> [DATA SECTION]:

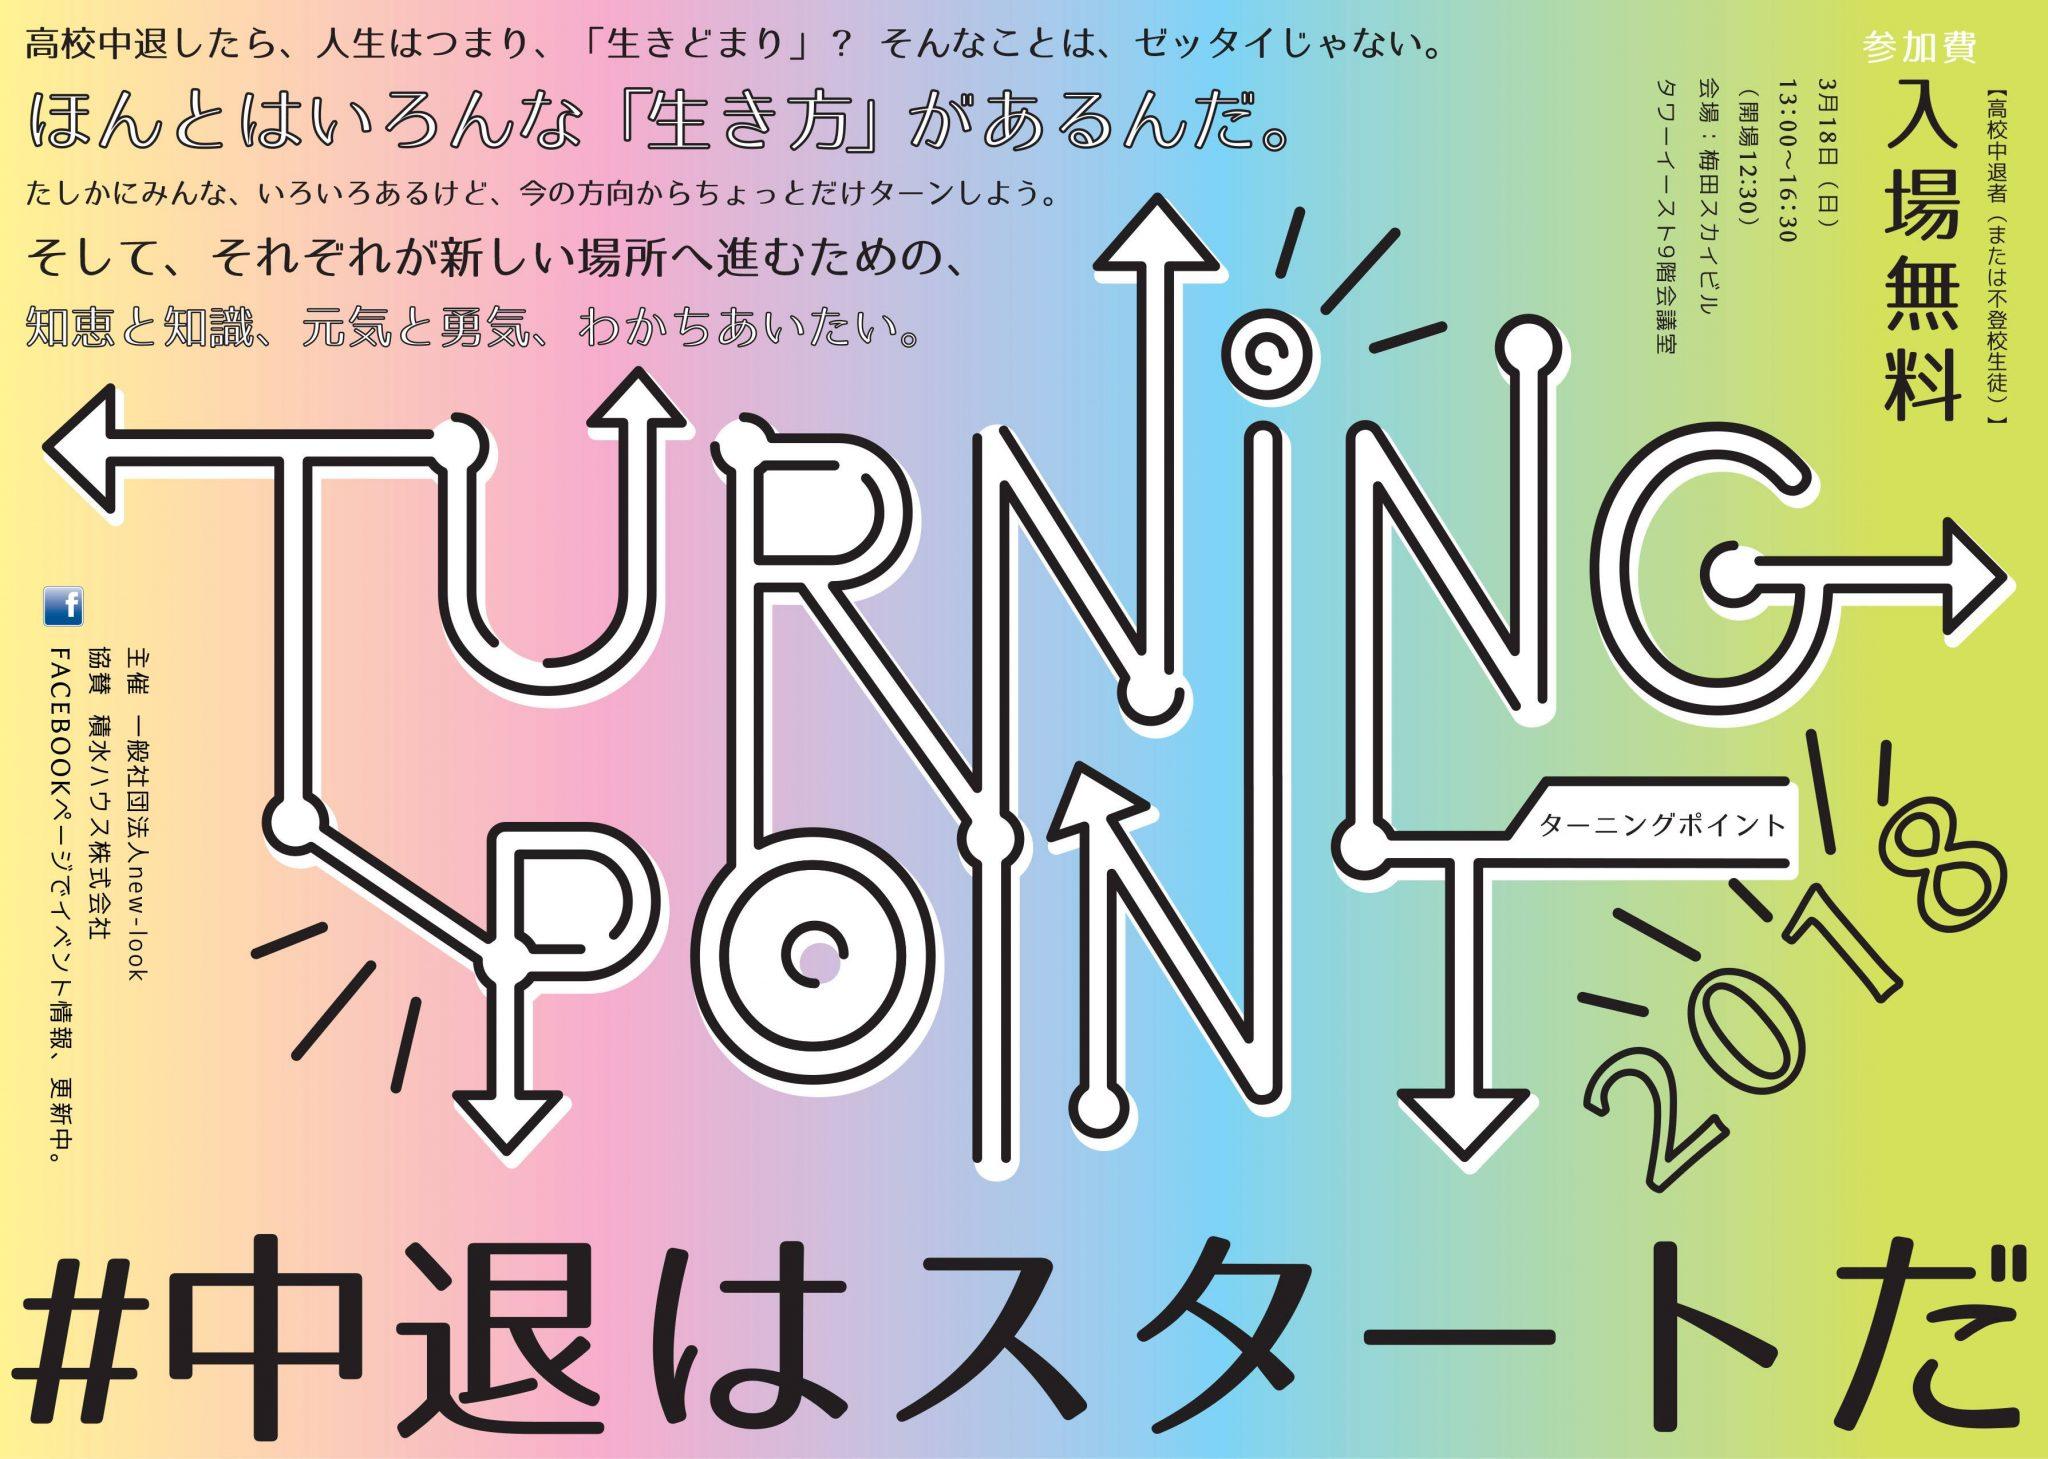 当事者と保護者で高校中退を見つめなおすイベント「turning point 2018」
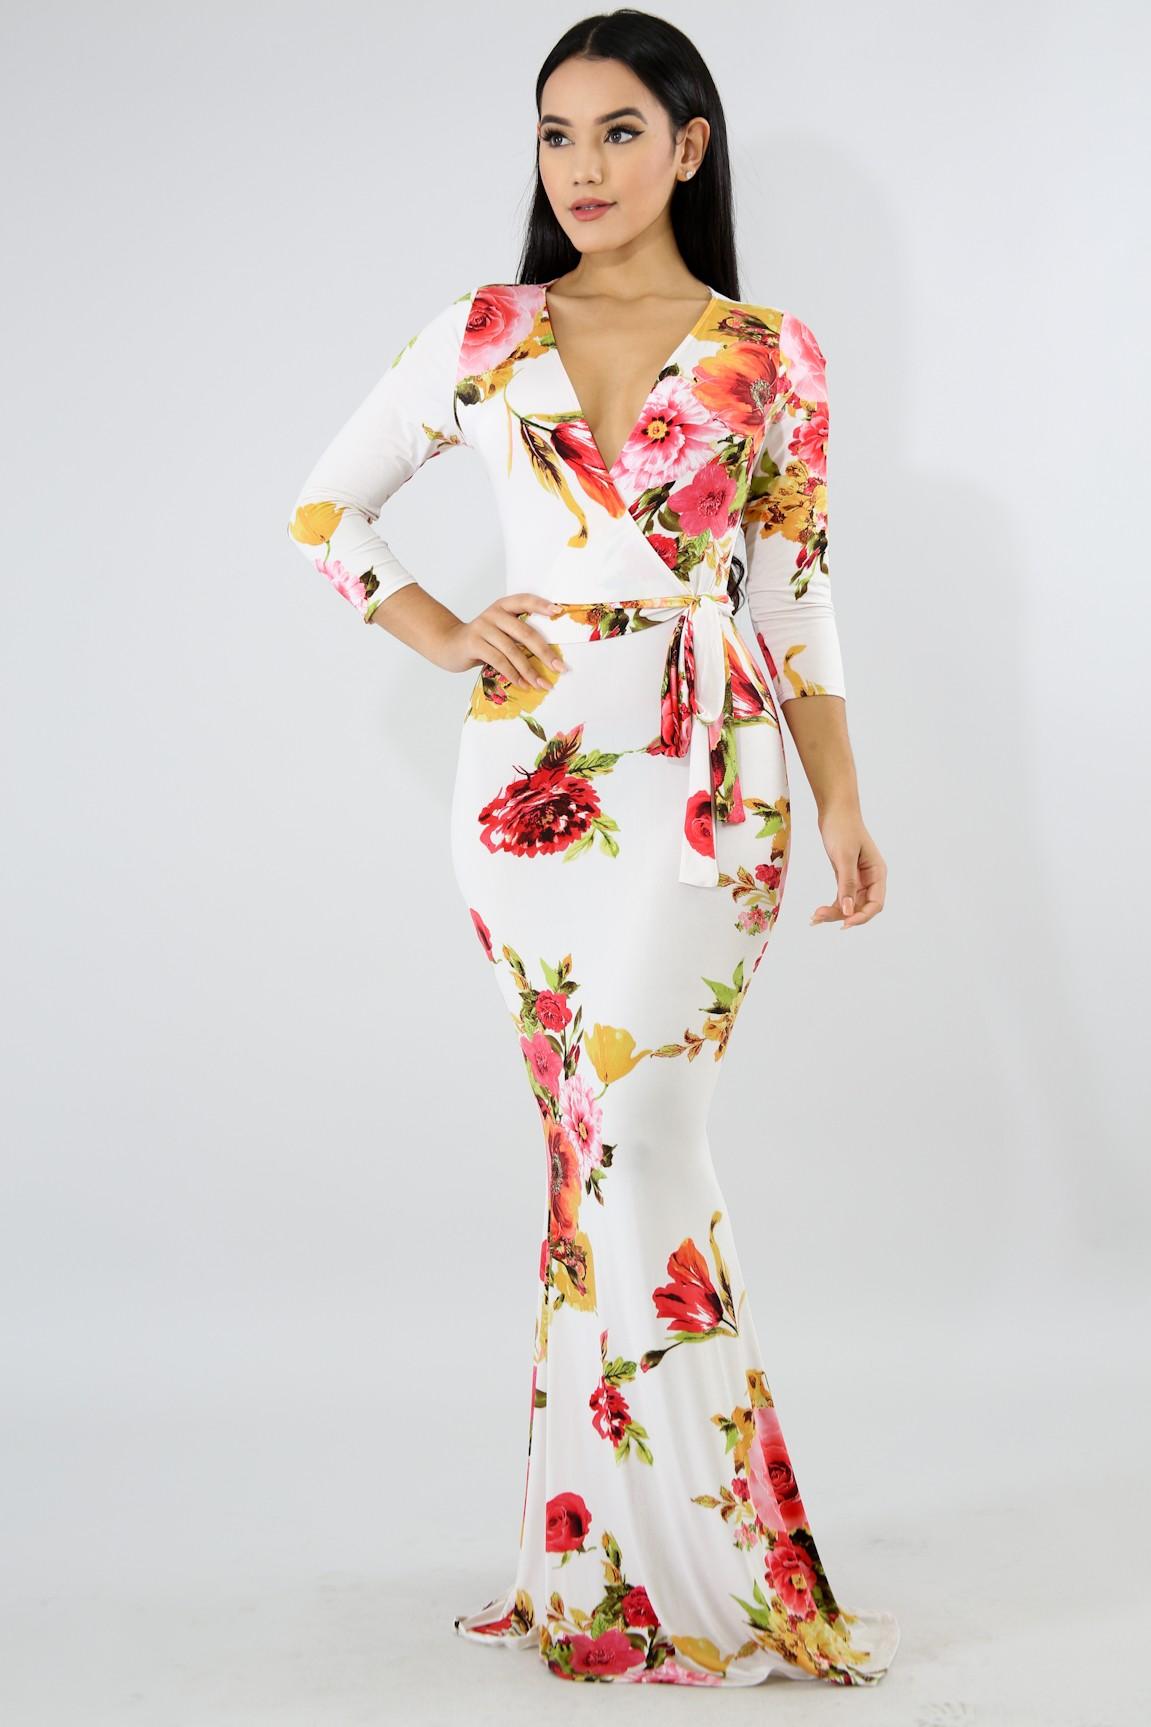 d8ba4cb6b94 Floral Maxi Dress
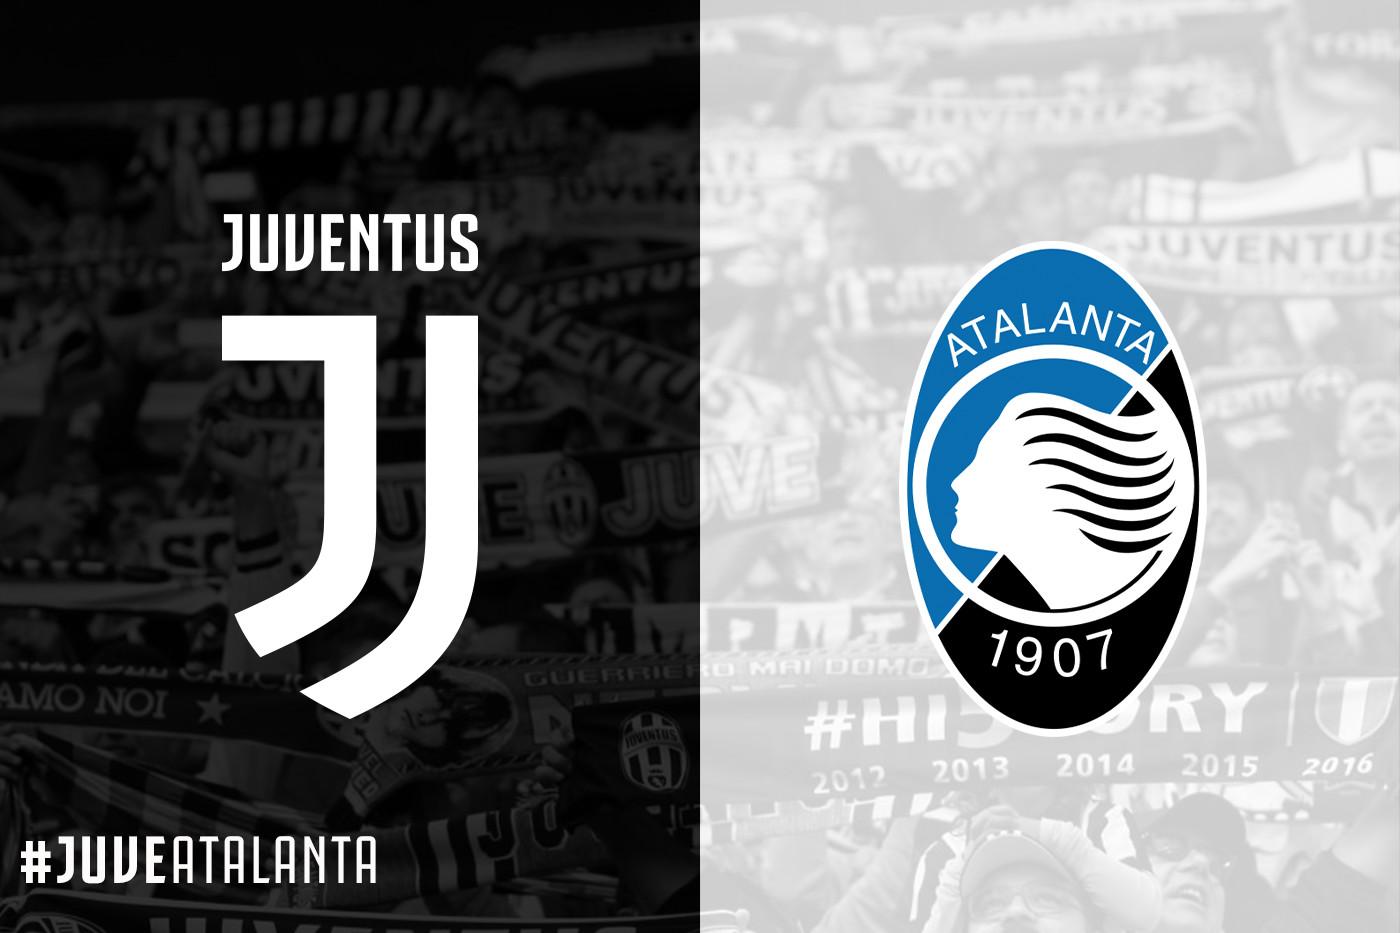 Nhận định Juventus vs Atalanta, 0h00 ngày 26/02: Lấy lại ngôi đầu

> [WHAT YOU NEED TO DO]:
Take every line of the material and copy it exactly, leaving out the pictures.

> [RESPONSE FOR THIS EXERCISE]:
 当事者と保護者で高校中退を見つめなおすイベント「turning point 2018」
 d8ba4cb6b94 Floral Maxi Dress
 Nhận định Juventus vs Atalanta, 0h00 ngày 26/02: Lấy lại ngôi đầu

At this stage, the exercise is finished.